In 1918, the Emigration Police (Polícia de Emigração) were created through Decree-Law No. 4166 of April 27. The Emigration Police were responsible for the control of the land borders and were a division that worked directly under the General Directorate of Public Safety.

In 1928, the Portuguese International Police (Polícia Internacional Portuguesa) were created with the responsibility of monitoring the land borders and foreigners who resided in Portugal. The International Police operated under the Information Police (Polícia de Informações), a body with responsibility for national security, until it was disbanded in 1931.

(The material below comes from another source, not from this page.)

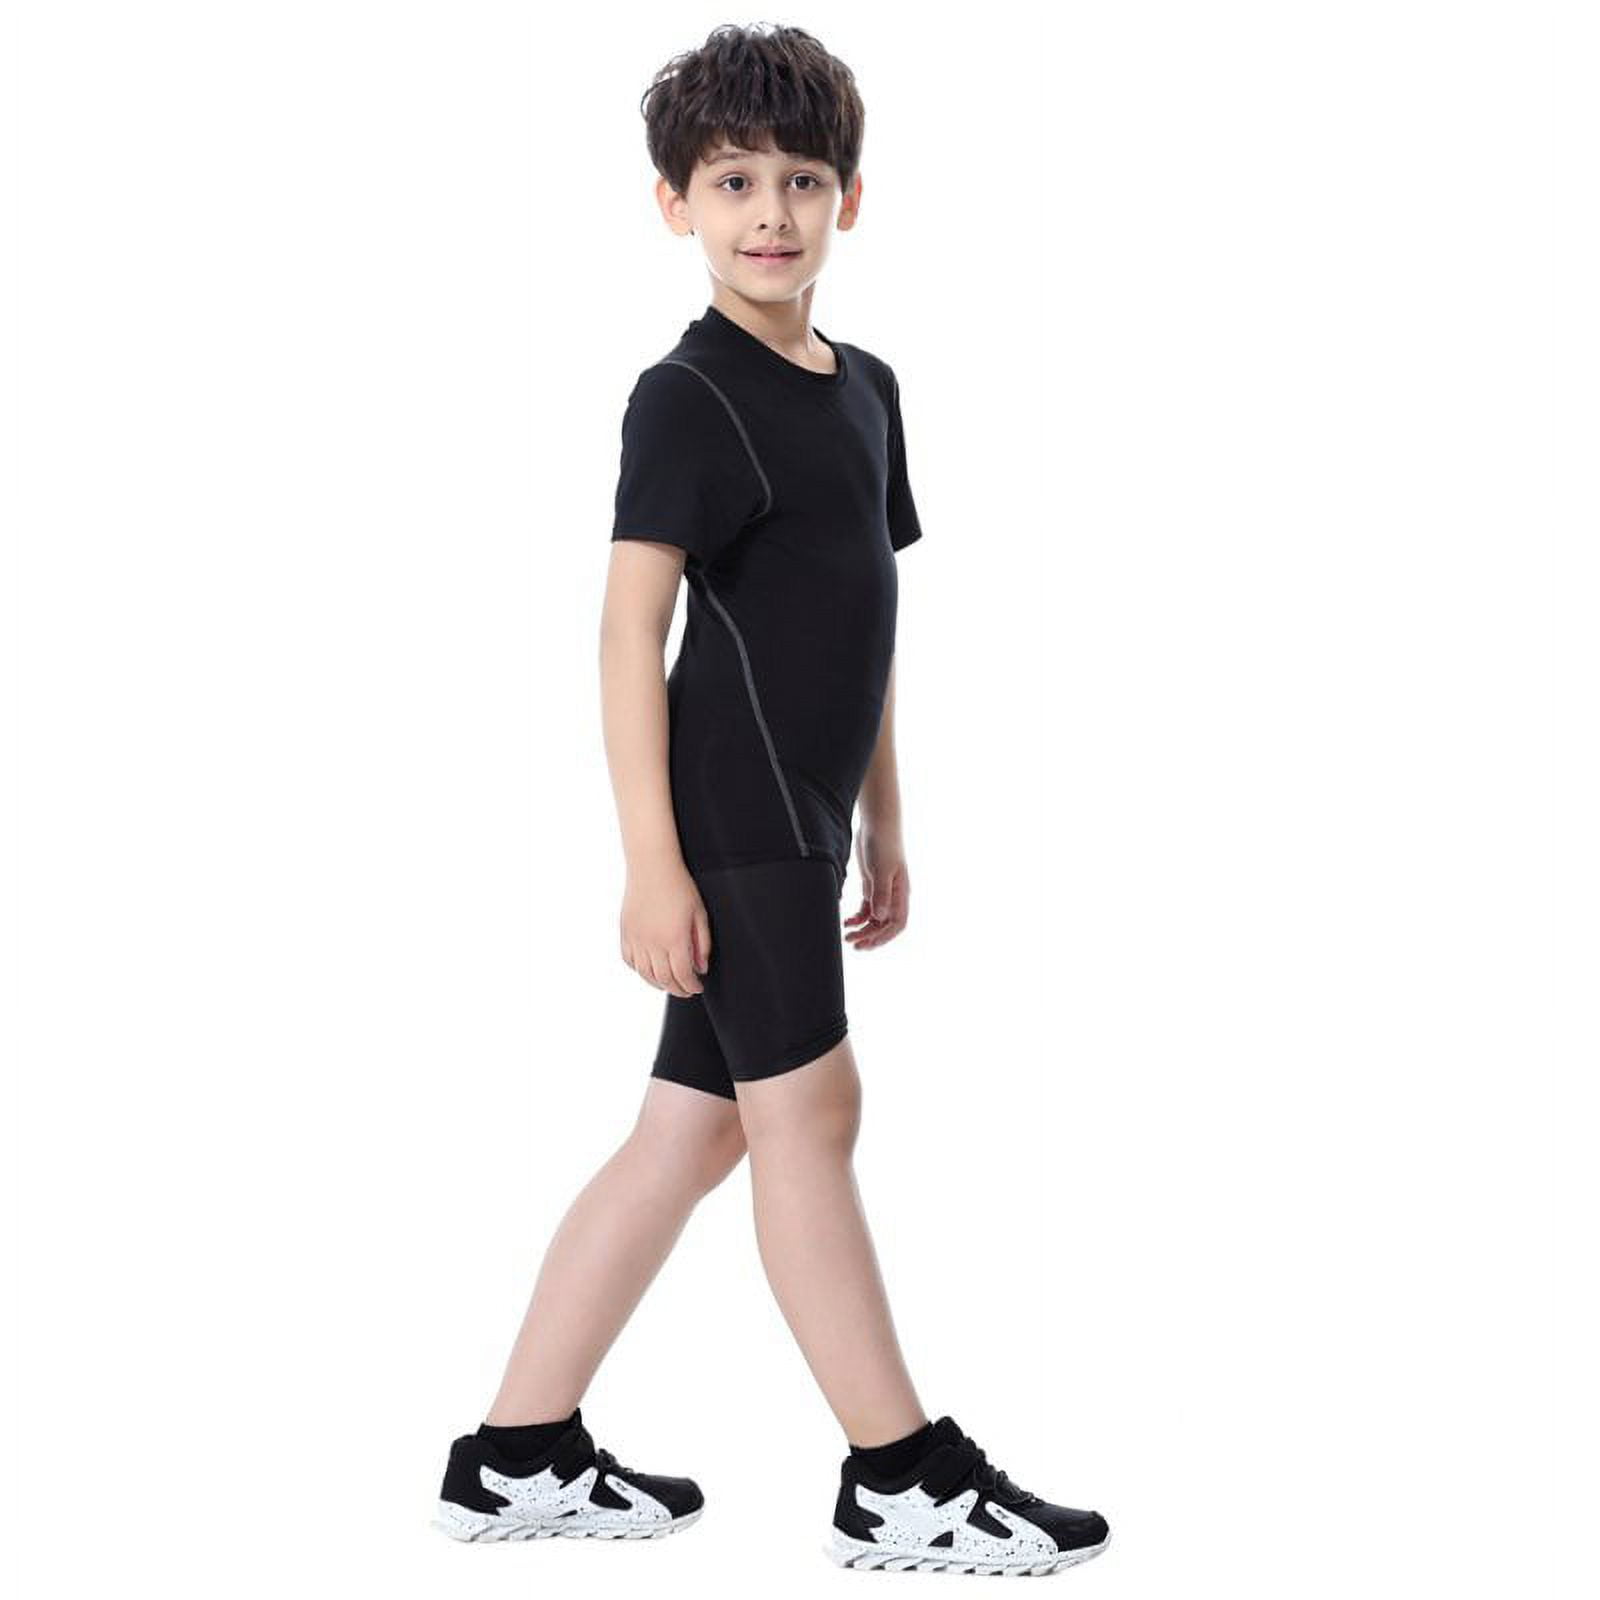 Hovershoes Youth Boys Compression Shorts,Spandex Athletic Kids

In 1930 the International Police were moved from the command of the Information Police to the command of the Criminal Investigation Police (Polícia de Investigação Criminal) as its International Section. Through Decree No. 20 125 of July 28, 1931, the Portuguese International Police returned to the Ministry of the Interior, remaining under direct control of the Ministry.

In 1932, the Political and Social Surveillance Section (Secção de Vigilância Política e Social) of the Portuguese International Police was created, responsible for preventing and combating crimes of a political and social nature. Through Decree No. 22 151 of January 23, 1933, the Political and Social Surveillance Section was transformed into the Political and Social Defense Police (Polícia de Defesa Política e Social), becoming independent of the International Police.

By Decree-Law No. 22 992 of August 29, 1933, the Portuguese International Police and the Political and Social Defense Police were once again merged into a single body that became the State Surveillance and Defense Police (Polícia de Vigilância e Defesa do Estado) (PVDE). The PVDE included an International Section which was responsible for verifying the entry, stay and exit of foreigners from the National Territory, their detention if they were deemed undesirable, fighting against espionage, and collaboration with the police of other countries.

In 1945, through Decree-Law No. 35 046 of October 22, the PVDE was transformed into the International and State Defense Police (Polícia Internacional e de Defesa do Estado) (PIDE). PIDE was entrusted with administrative functions and functions to prevent and combat crime. As part of its administrative functions, PIDE was responsible for immigration and passport services, land border, sea and air border services and for foreigners' stay and stay service in Portugal. As part of its functions to prevent and combat crime, it was incumbent upon PIDE to prepare preparatory documents for crimes related to the illegal entry and stay of foreigners in Portugal, border protection against criminal activities crimes of illegal emigration, and crimes against the internal and external security of the State.

PIDE was disbanded in 1969, by Decree-Law no. 49 401 of November 24, and the General Directorate for Security (Direcção-Geral de Segurança) (DGS) was created in its place. The DGS included the Directorate of Foreigners and Border Services (Direção dos Serviços de Estrangeiros e Fronteiras), the basis of the current service which was created in 1974.

In 2023, Portugal's government approved the abolition of the SEF.

==Controversy==
In 2020, 42-year old Ukrainian Ihor Homeniuk was beaten to death while in the SEF's custody at Lisbon Airport; in 2021, three SEF officers – Duarte Laja, Luís Silva and Bruno Sousa – were found guilty of inflicting serious bodily harm that ultimately led to Homeniuk's death and sentenced to several years in jail.